Problem details »
Everything from the line containing "BSB - Everyday" to the end of the listing, both included, should be returned exactly, apart from the pictures.
:: Data block ::
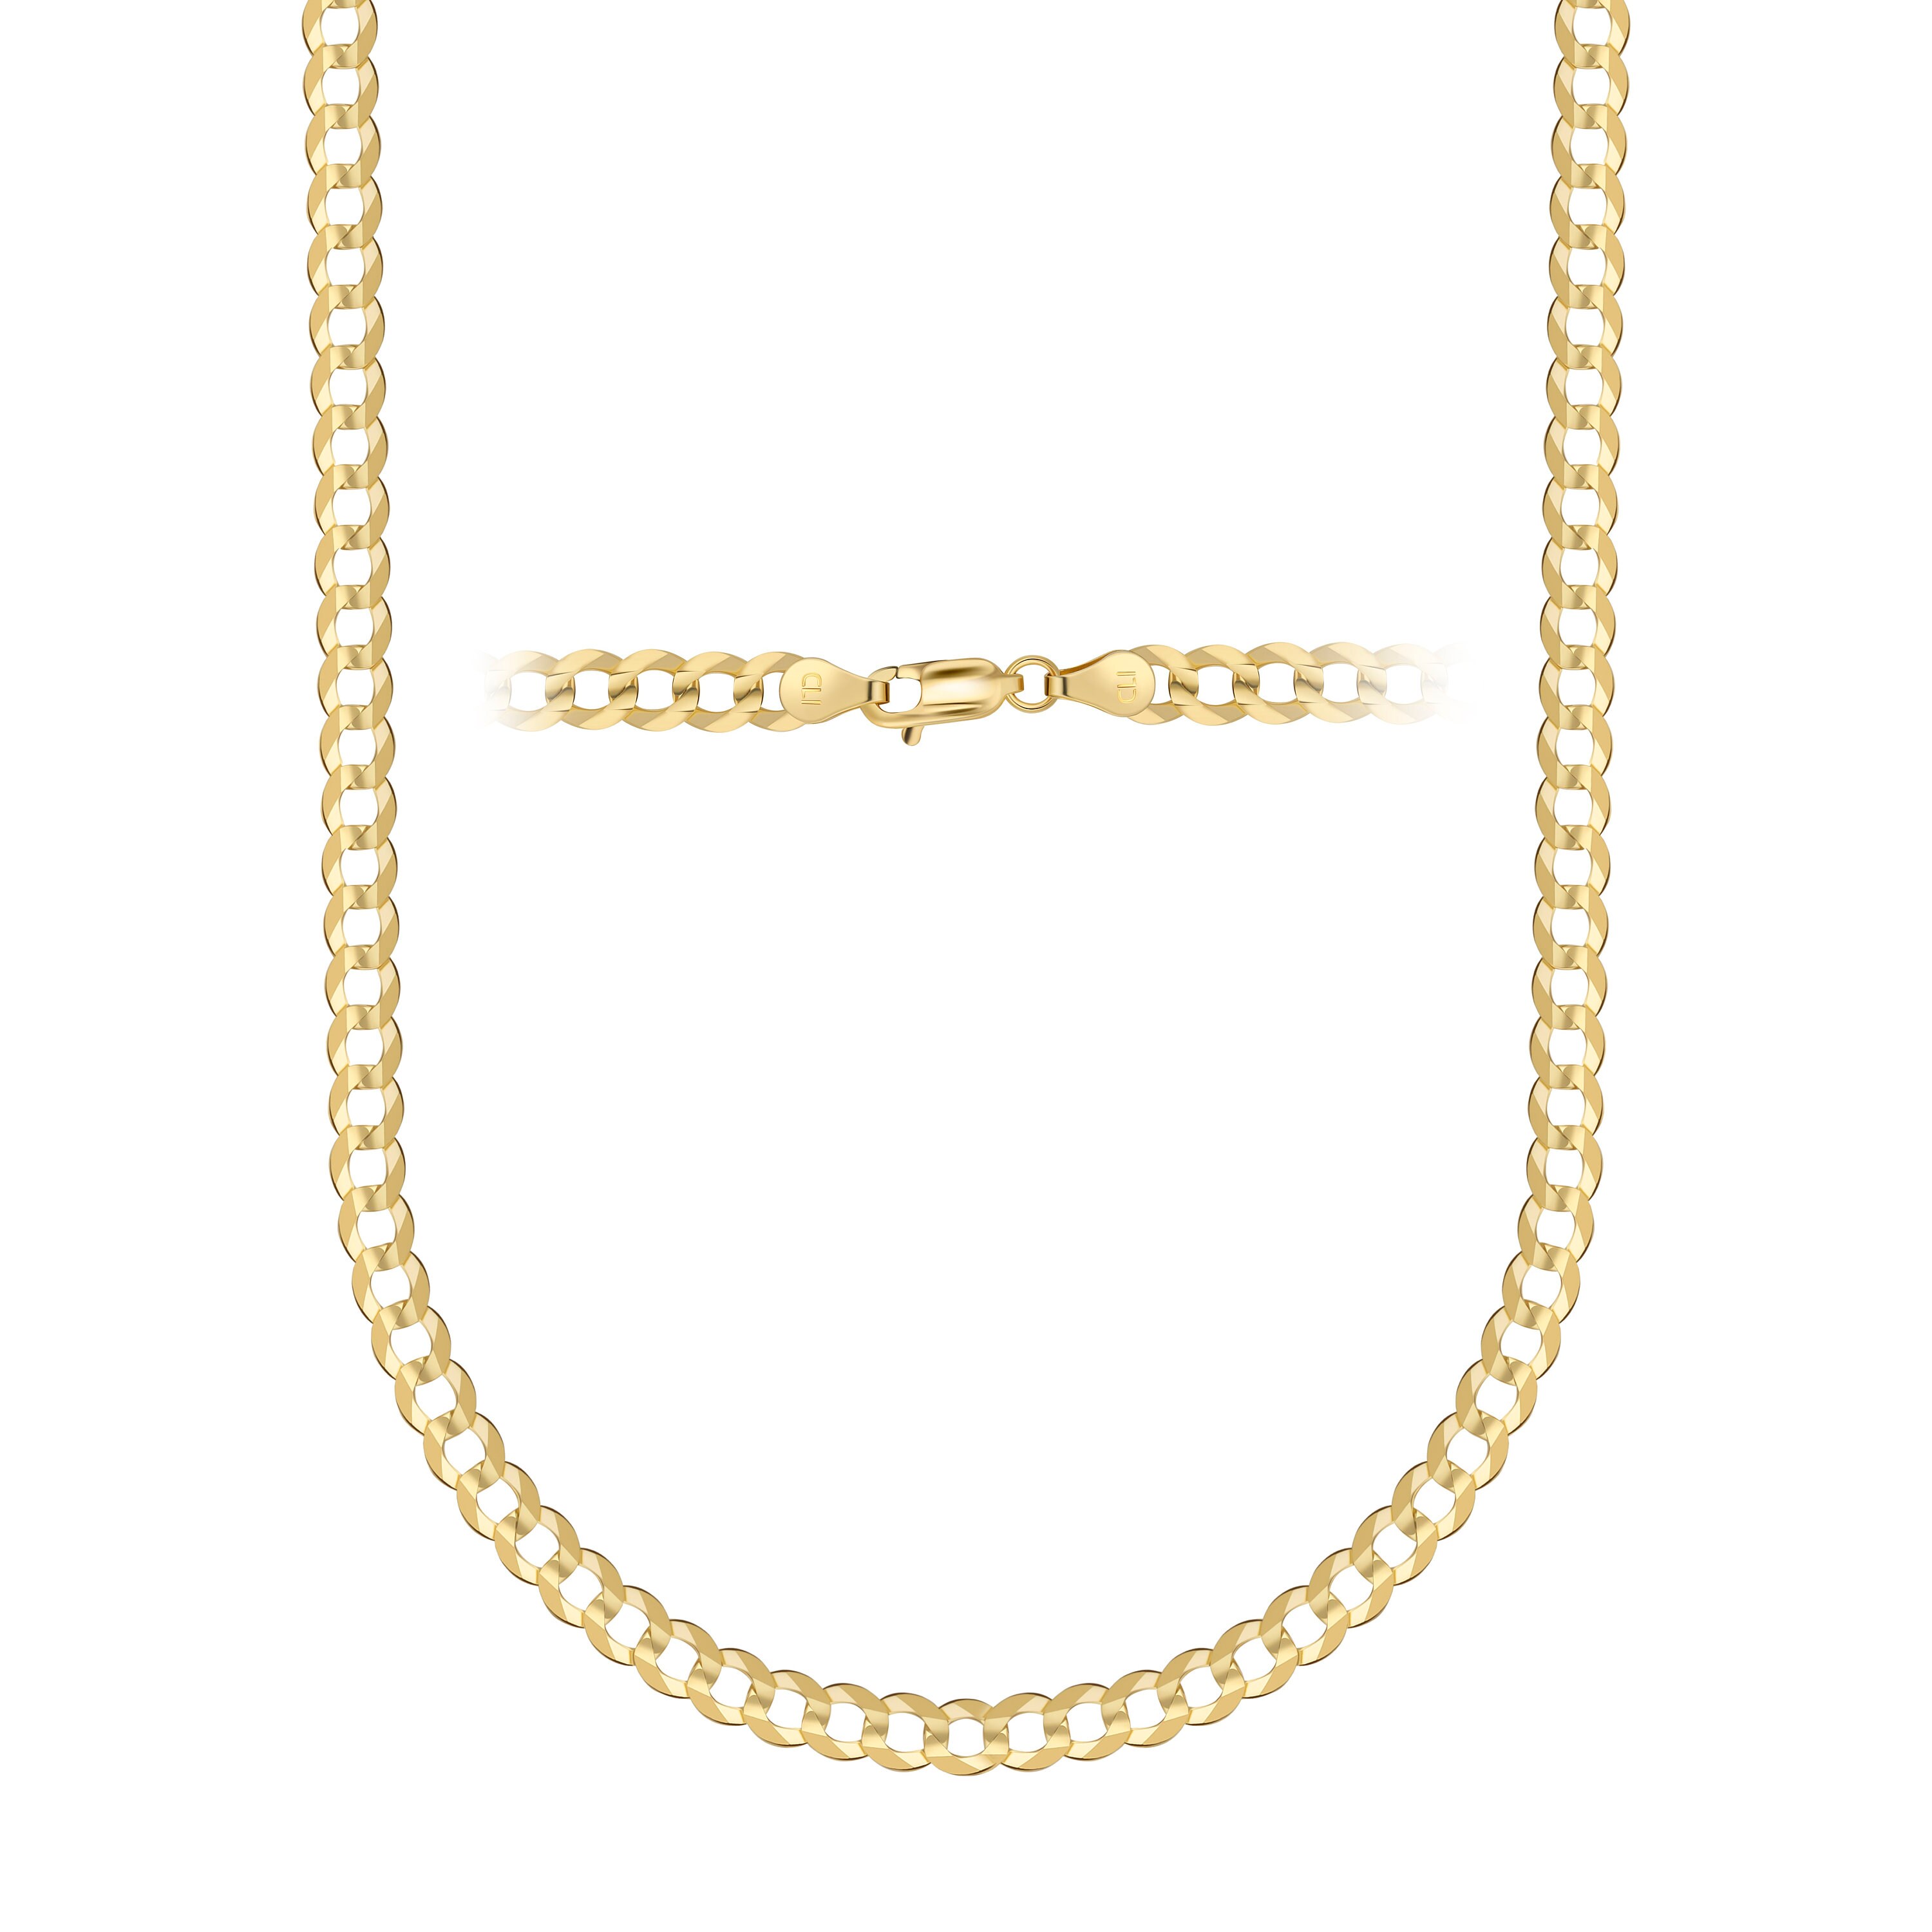 Pori Jewelers 14K Yellow Gold Cuban/Curb Chain Necklace and Bracelet
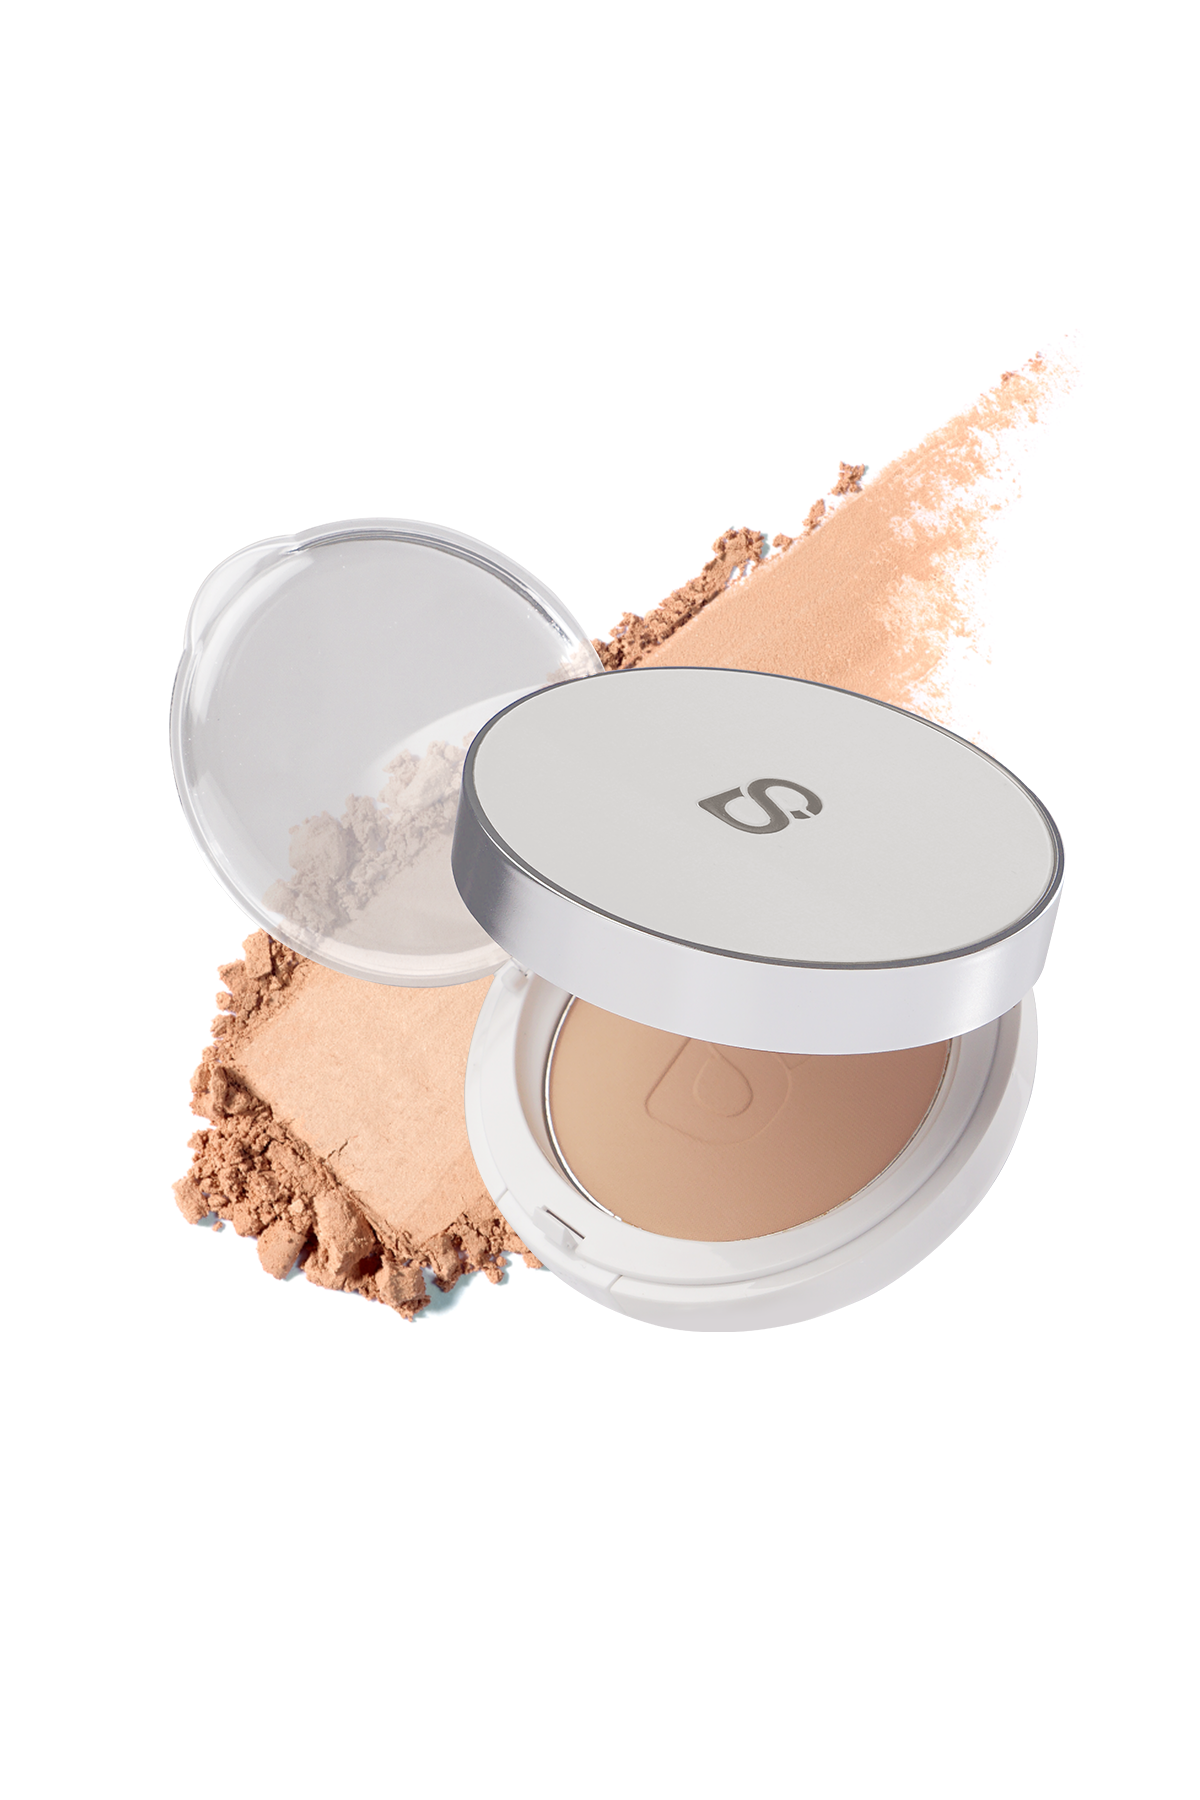 BSB - Everyday Perfect Blurring Compact Powder
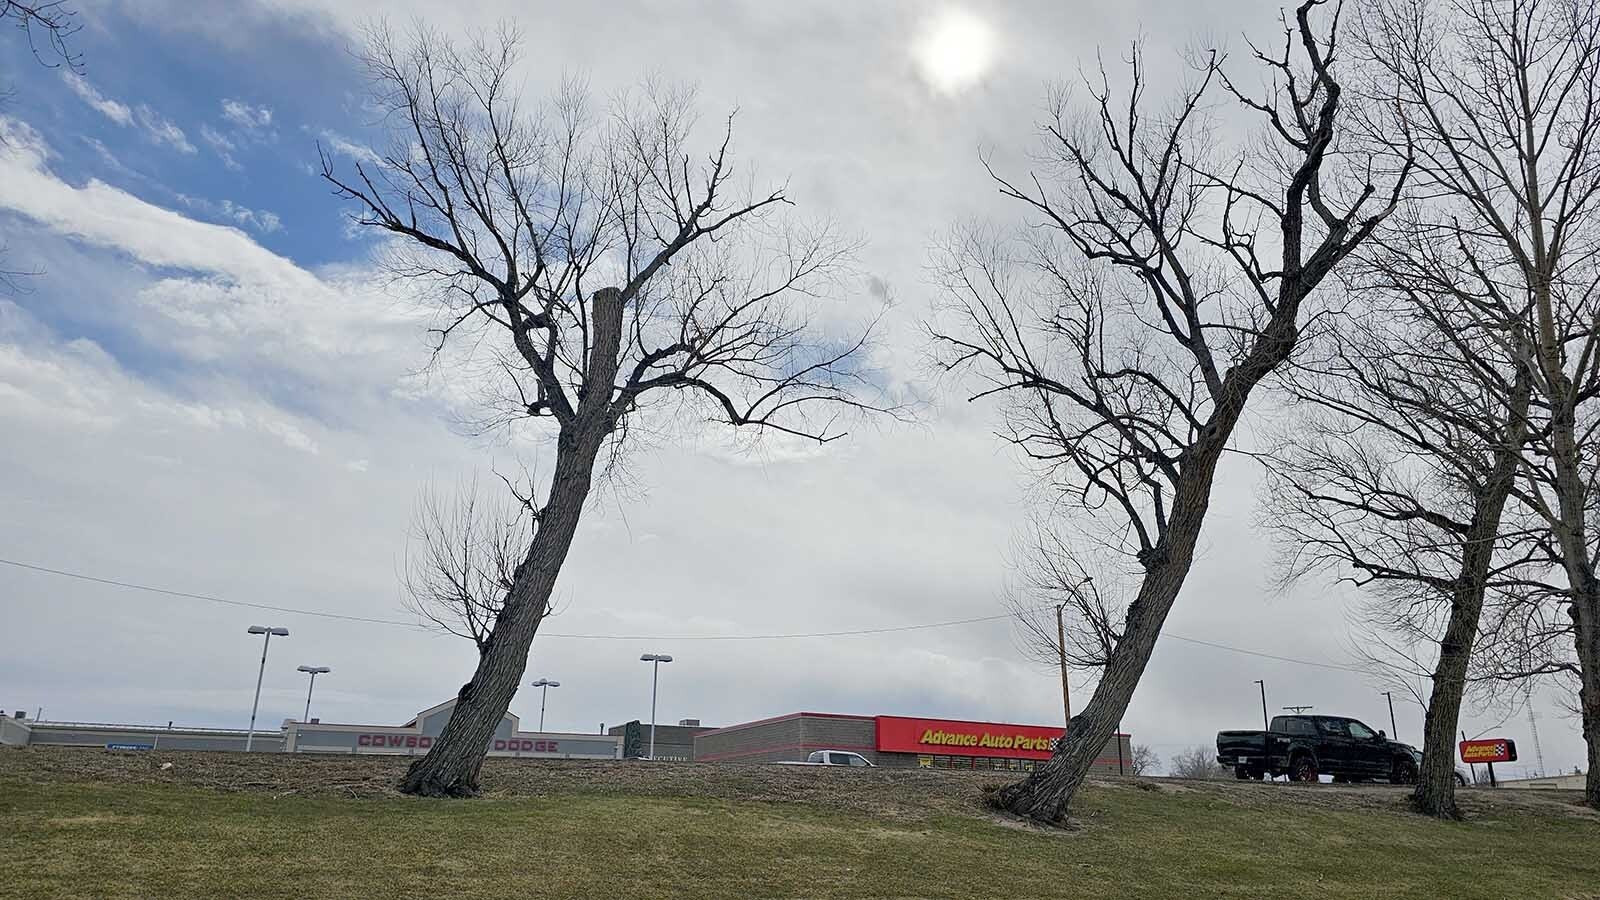 These trees have lost tops and are likely not long for this world.
:::
Final answer »
 BSB - Everyday Perfect Blurring Compact Powder
 These trees have lost tops and are likely not long for this world.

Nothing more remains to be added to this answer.